Sentencing guidelines call for a prison term of between 14 and 17 1/2 years. Leaf's lawyer, Michael Burke, said a probation officer's recommendation of a minimum of five years was appropriate because of his client's age, health and lack of criminal history. He suggested any longer sentence could be considered life in prison, and that a lifetime of supervised release rather than additional years in prison would help Leaf's rehabilitation.

“It's not just about deterrence, it's not just about punishment,” Burke said.
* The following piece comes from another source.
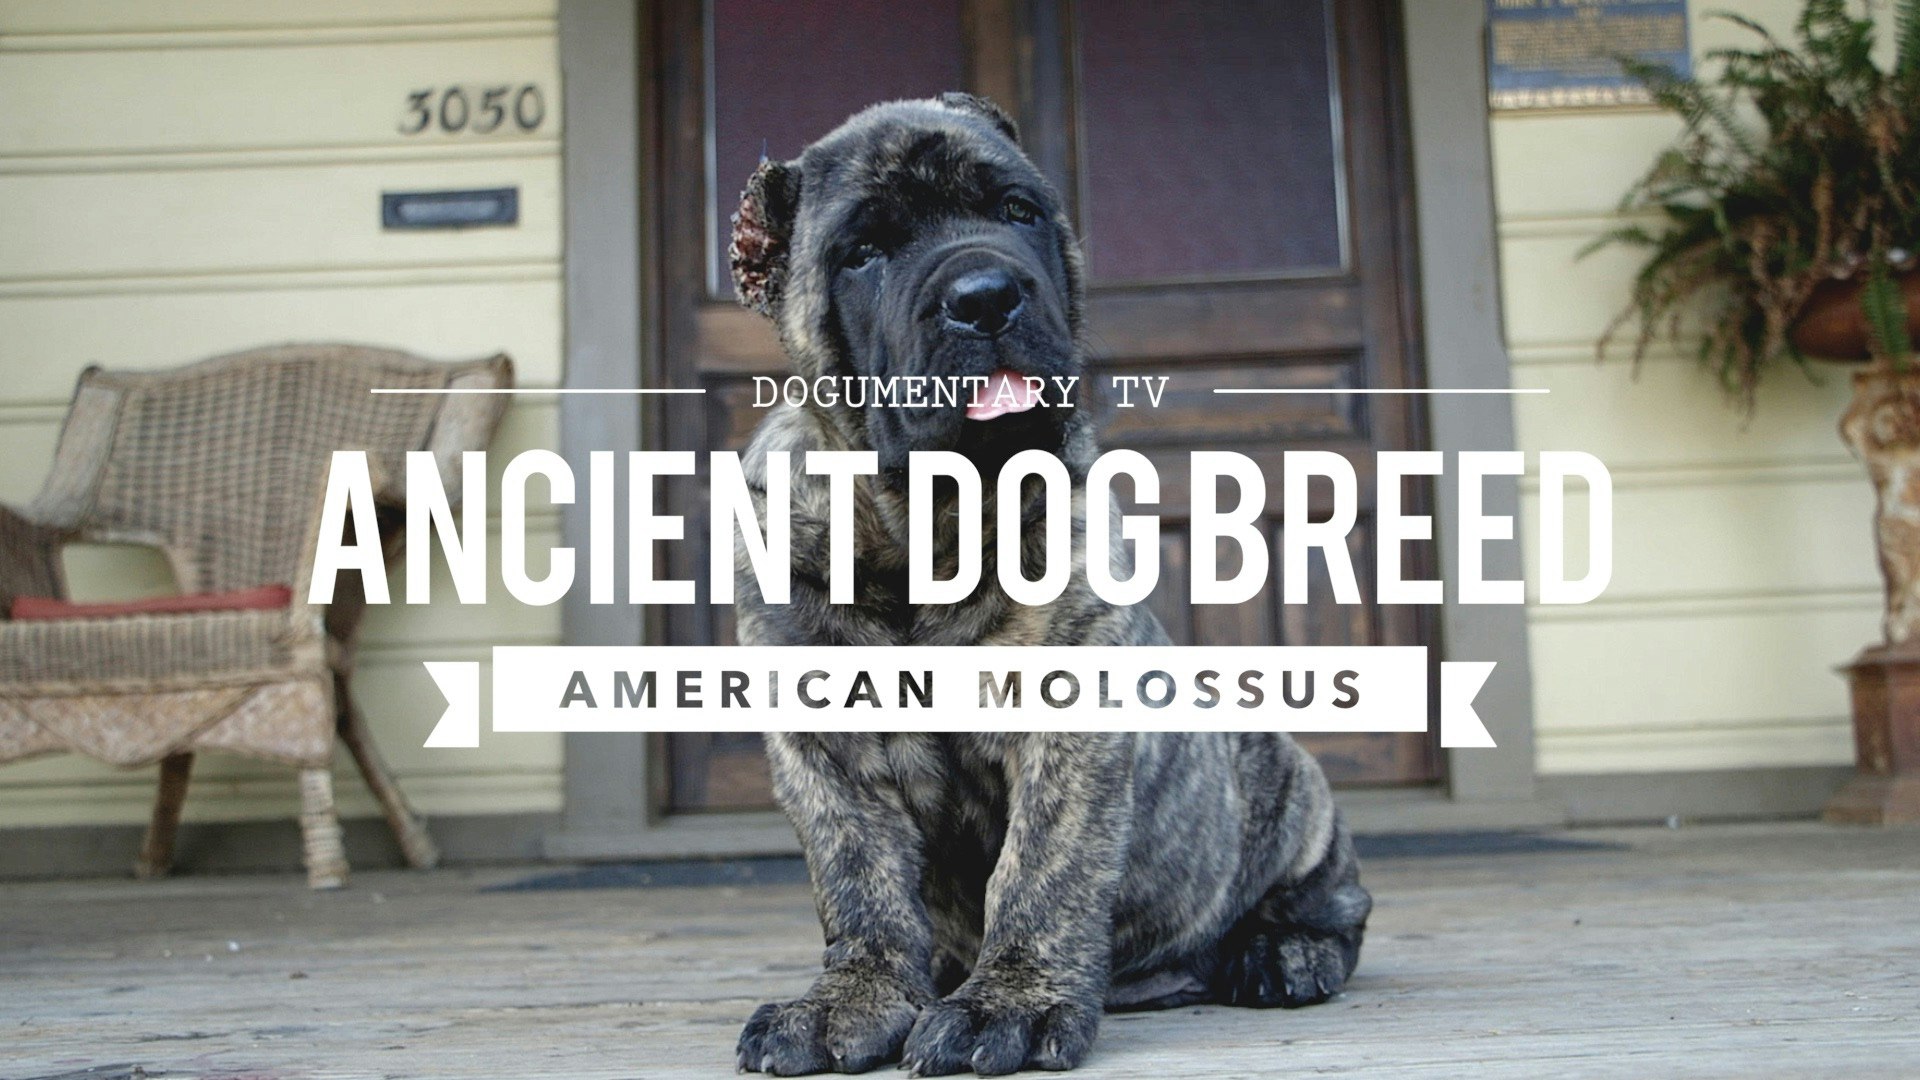 American Molossus A Recreation Of An Ancient Dog Breed Dog Breed Documentaries Dogumentary Tv
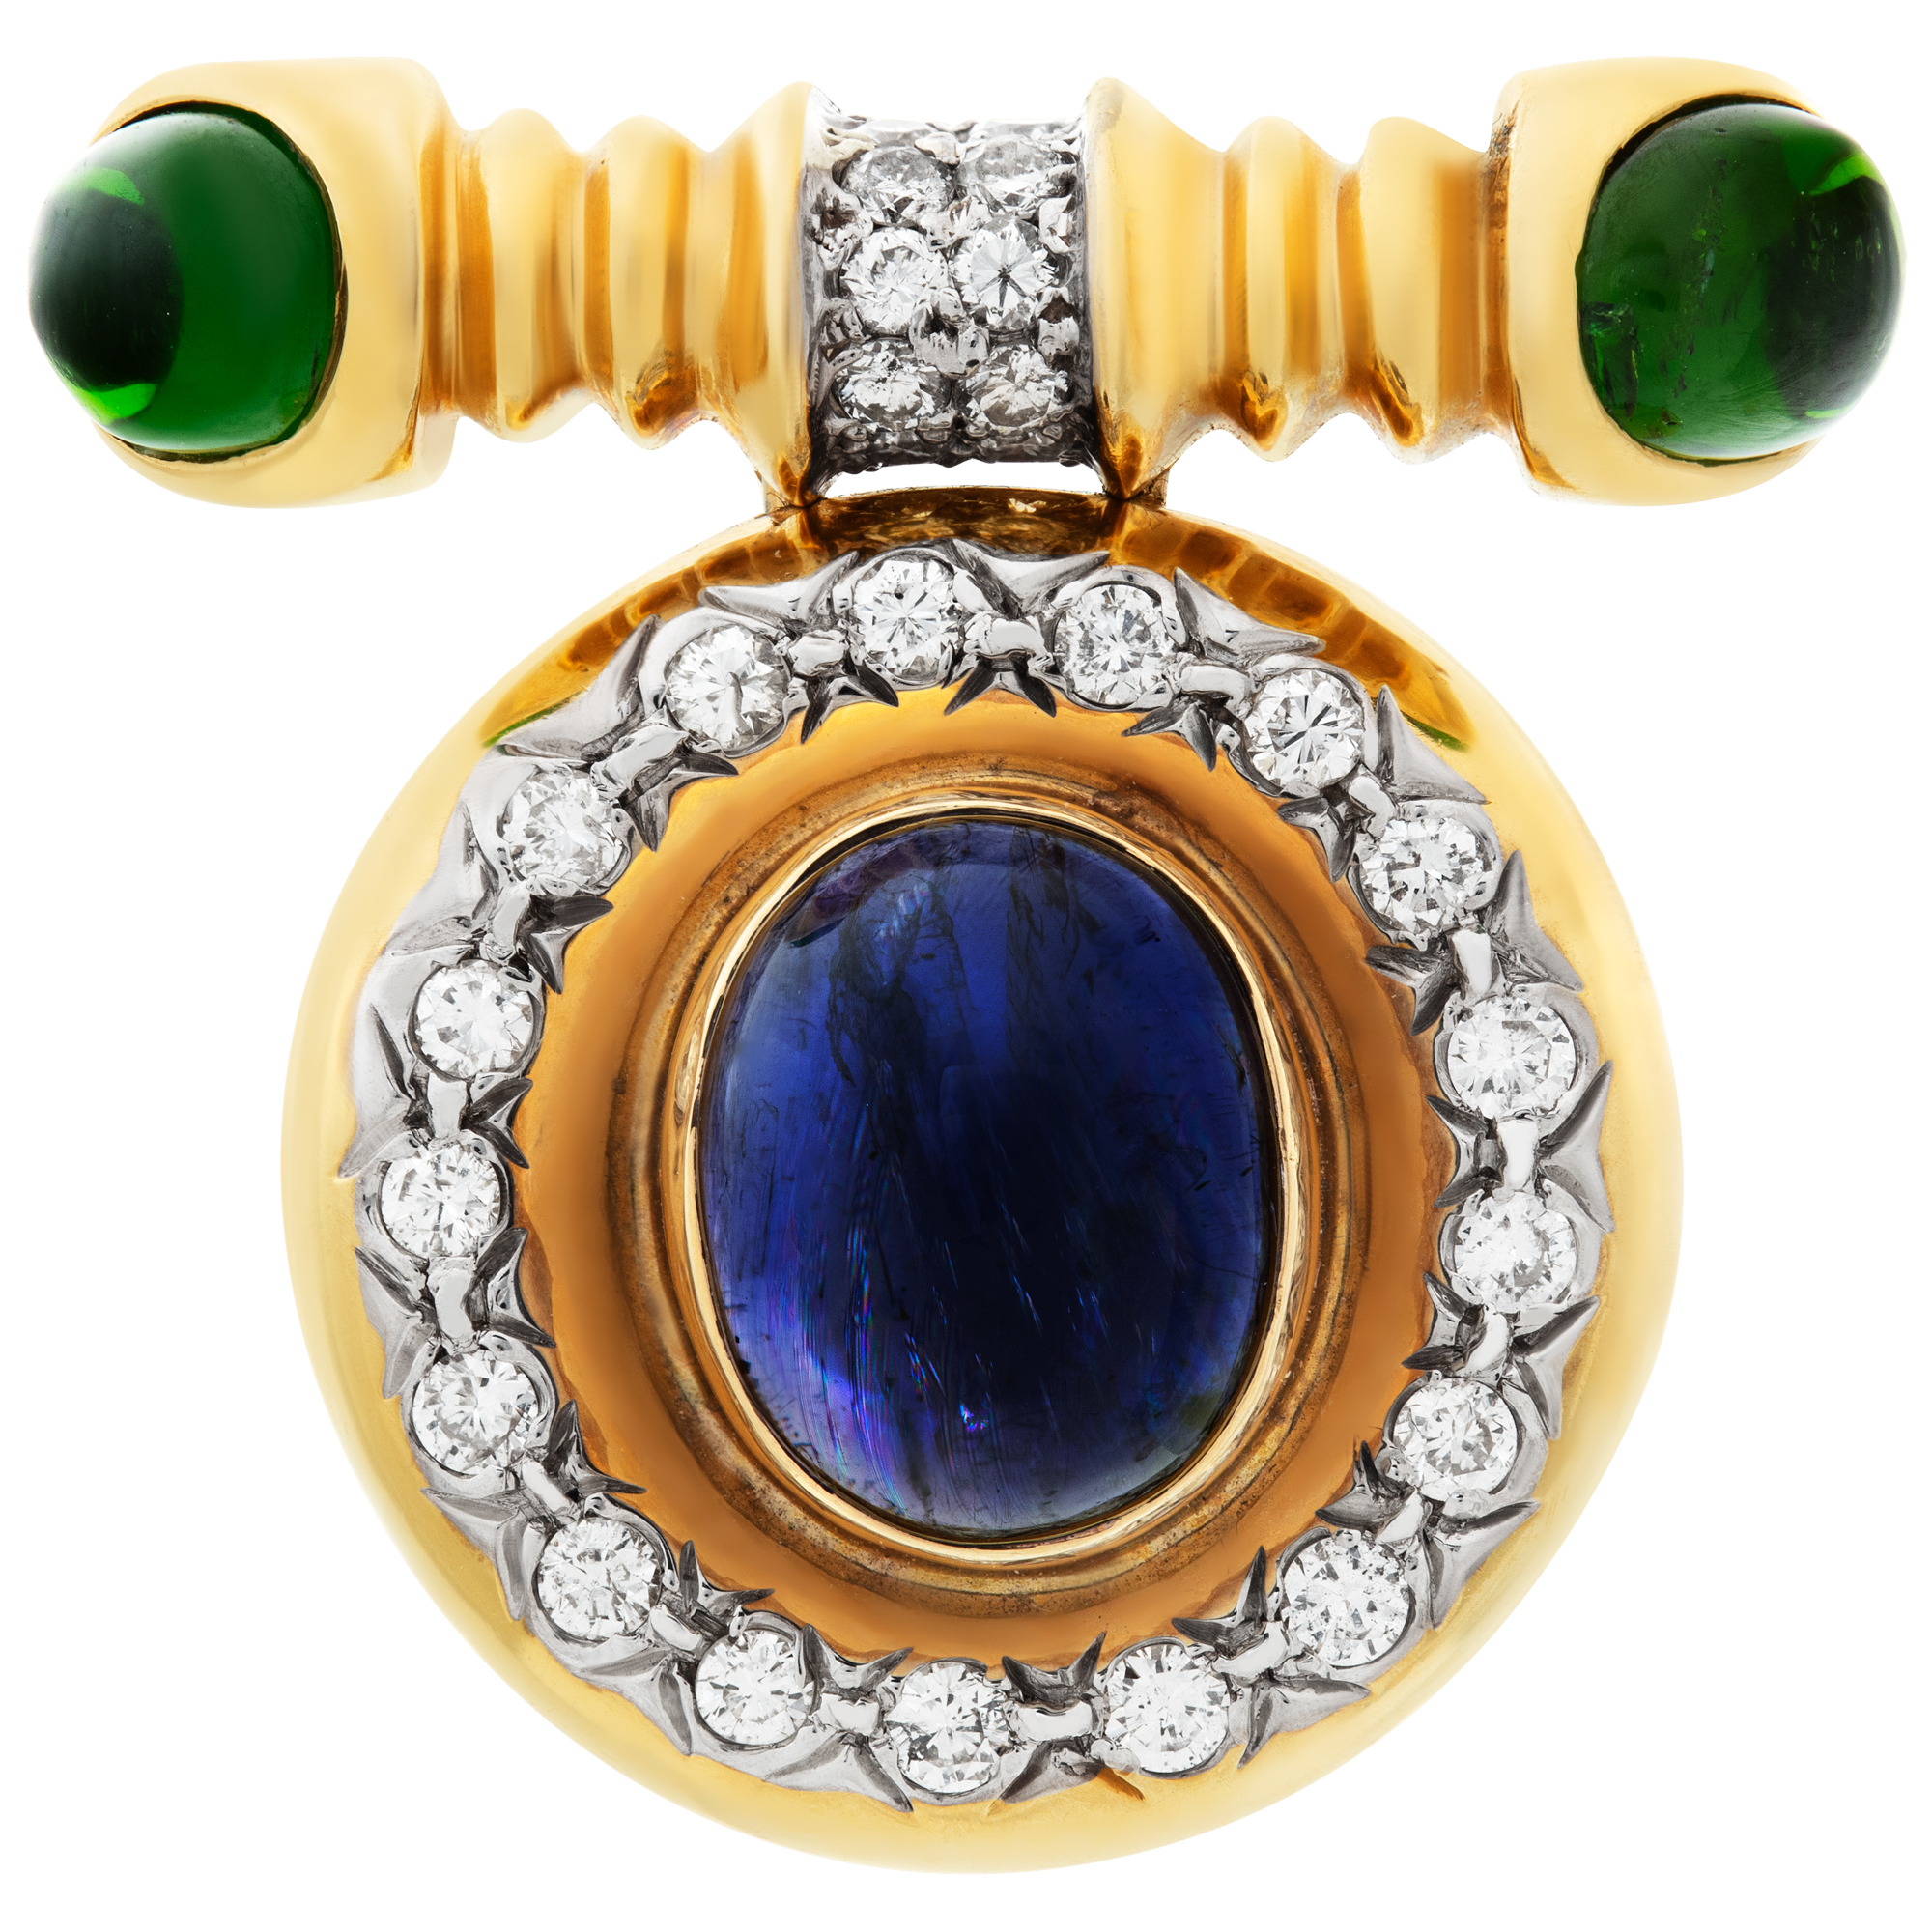 Oval cabochon sapphire, oval cabocho green tourmalime and diamonds brooch/enhancer set in 14K yellow gold. image 1

But Assistant U.S. Attorney Jennifer Ong asked for a 14-year sentence, saying Leaf’s “predatory behavior warrants a harsh sentence.” She cited aggravating factors, including Leaf’s behavior decades ago at sleepovers with college students — sometimes rubbing his breasts while masturbating — and his obtaining an iPad and searching for pornographic websites in violation of his bail conditions after his arrest.

The day before sentencing, the judge received a letter from one of the four students who sometimes slept at Leaf's house. The man has sued the Harrison school district under New York State's Child Victims Act in recent years.

The letter has not been made public, but Burke said the author acknowledged that Leaf was a good man and hoped he could get the help he needed. While Burke said Leaf admitted to some of his behavior with the student at sleepovers, he denies any allegations of sexual abuse or that Leaf ever provided the student with drugs.

Halpern called it “remarkable” that Leaf ended up where he is, despite his good education at Scarsdale and his distinguished academic career. But he also suggested that the revelations about Leaf's sleepovers with students were evidence of a double life that underscored that his inappropriate behavior long predated his online actions toward teenagers.